A pair of Mission men charged in the largest seizure ever of drugs, guns and cash in Ridge Meadows RCMP’s history, have had their challenge to the search warrant dismissed in B.C. Supreme Court on Feb. 17.
Christopher Harmes and Scott Cashman were charged with numerous drug trafficking charges after search warrants on two residences took place in the summer of 2020; one at the 7400 block of Columbia Street in Mission, and the other at the 12000 Block of Garden Street in Maple Ridge.
Harmes also faces nine weapons charges after police found a fully automatic submachine gun, semi-automatic pistol, other gun parts and several boxes of ammunition.
A total of 72,000 doses of illicit drugs, including 3.5 kilograms of suspected “blue fentanyl” – which is linked to multiple overdose deaths in the Lower Mainland – was seized by police, along with $114,000 in cash.
Their challenge argued the search warrant on the Columbia Street residence, which is believed to be their primary residence, should not have been granted by the judge as there was not sufficient evidence connecting it to criminal activity taking place at the home on Garden Street.
The Crown’s position was that the application for a warrant was based on reasonable and probable grounds when viewed in totality.
The Garden Street home first came to police attention after they were called to the address regarding a deceased male, and noticed approximately 20 glass pipes with white residue on the premises, along with what appeared to be crack rocks and a small bag of methamphetamine.
Later surveillance revealed that individuals were entering the residence for only a short duration: “consistent with drug trafficking from a drug house,” according to the application for the search warrant.
The appeal tried to argue that not enough detail was provided to support that belief, but Justice Martha Delvin was not convinced, as the submitting officer had been a part of the Ridge Meadows RCMP Street Enforcement Unit since 2017.
An informant had also provided information that Harmes was supplying drug dealers in Maple Ridge with cocaine, methamphetamine, ketamine, and fentanyl through the Garden Street residence, and that he had a gun and lived in Mission.

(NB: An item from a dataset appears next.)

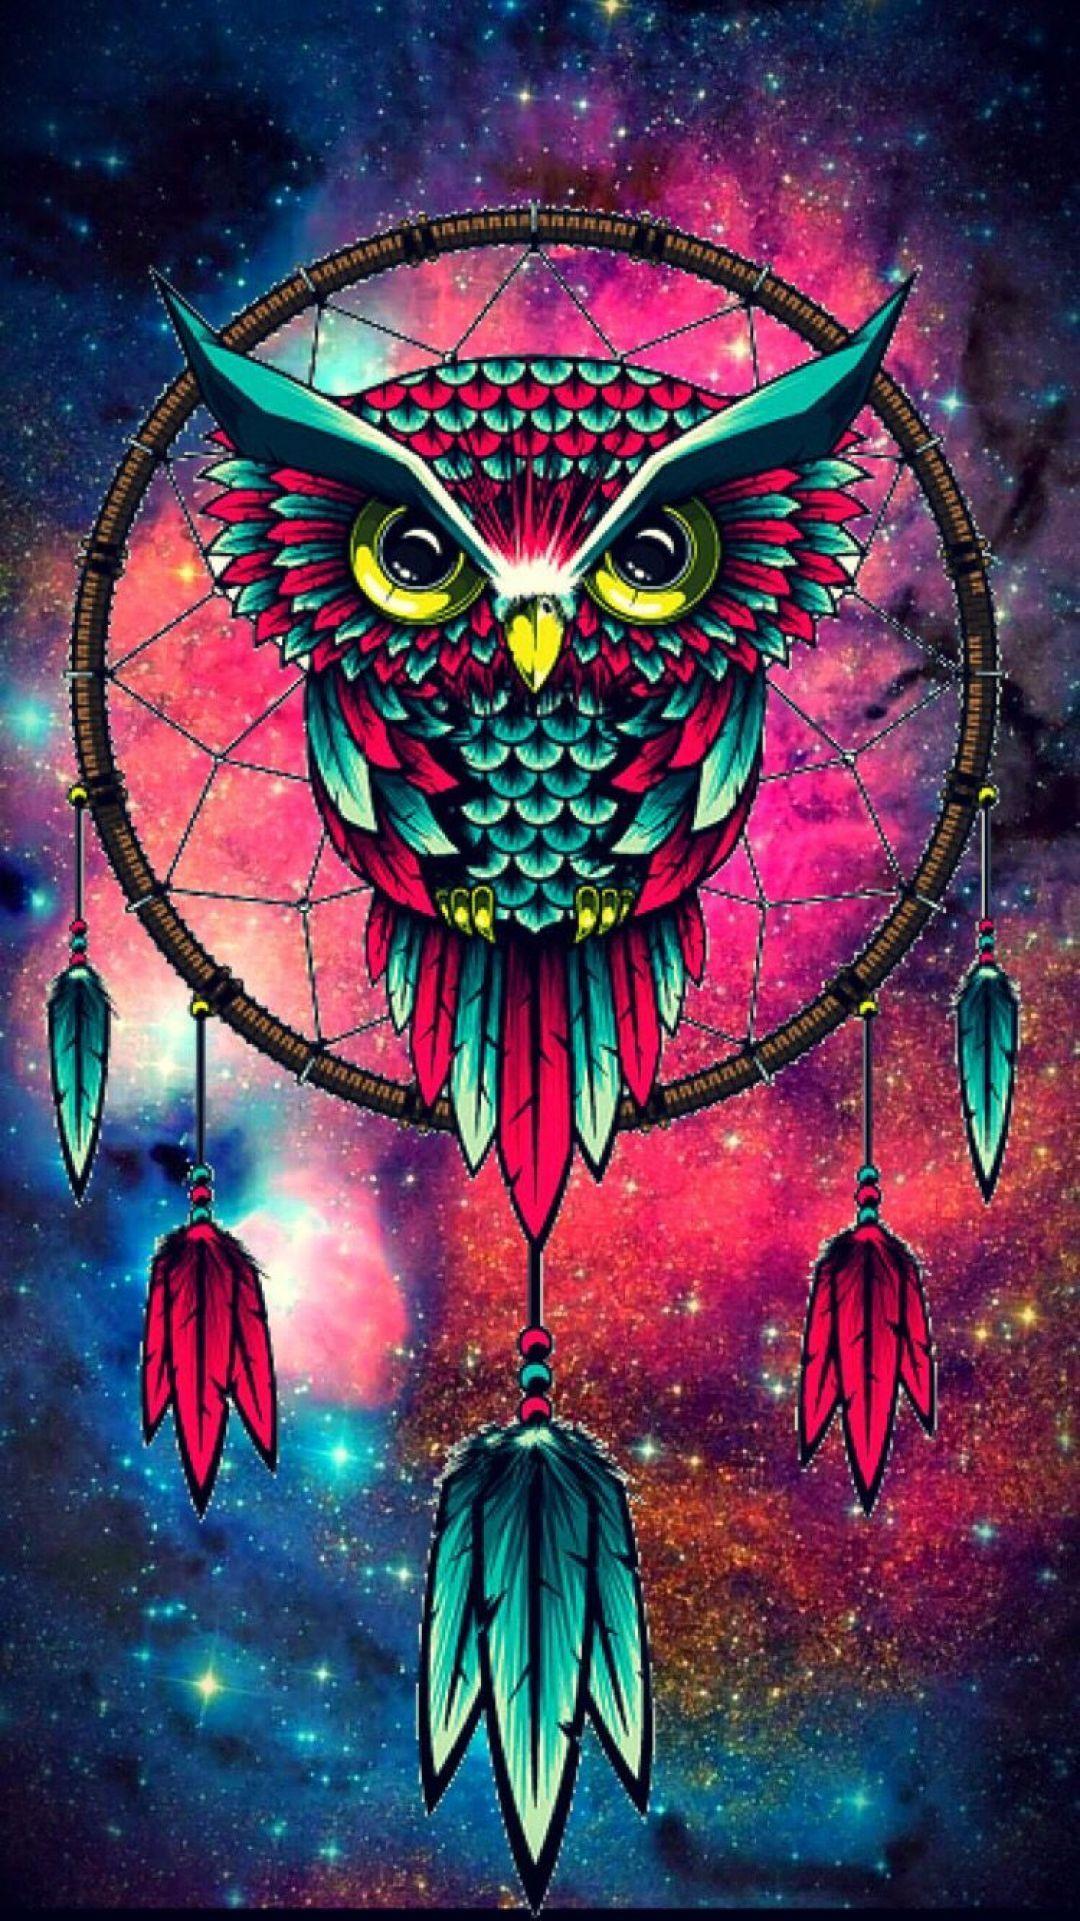 Cute Owl Android Iphone Desktop Hd Backgrounds Wallpapers 1080p 4k 104778 Hdwallpapers Androidwa Owl Wallpaper Dreamcatcher Wallpaper Owl Mandala

The appeal argued that the information lacked detail with respect to origin and was not corroborated, but Delvin again disagreed, ruling that it was “both specific and compelling.”
Harmes and Cashman were both observed travelling to and from the two addresses, and often present while large duffle bags were being transported in and out of the properties.
Harmes’ significant criminal record, with his prior drug and firearm offences in 2010, 2012, and 2015, were also taken into account.
“I am satisfied that there was a body of information that was capable of supporting an inference that the Columbia Street residence was connected to and associated with the drug trafficking operations occurring at the Garden Street Residence,” Delvin said.
The charges against Harmes and Cashman are still before the courts.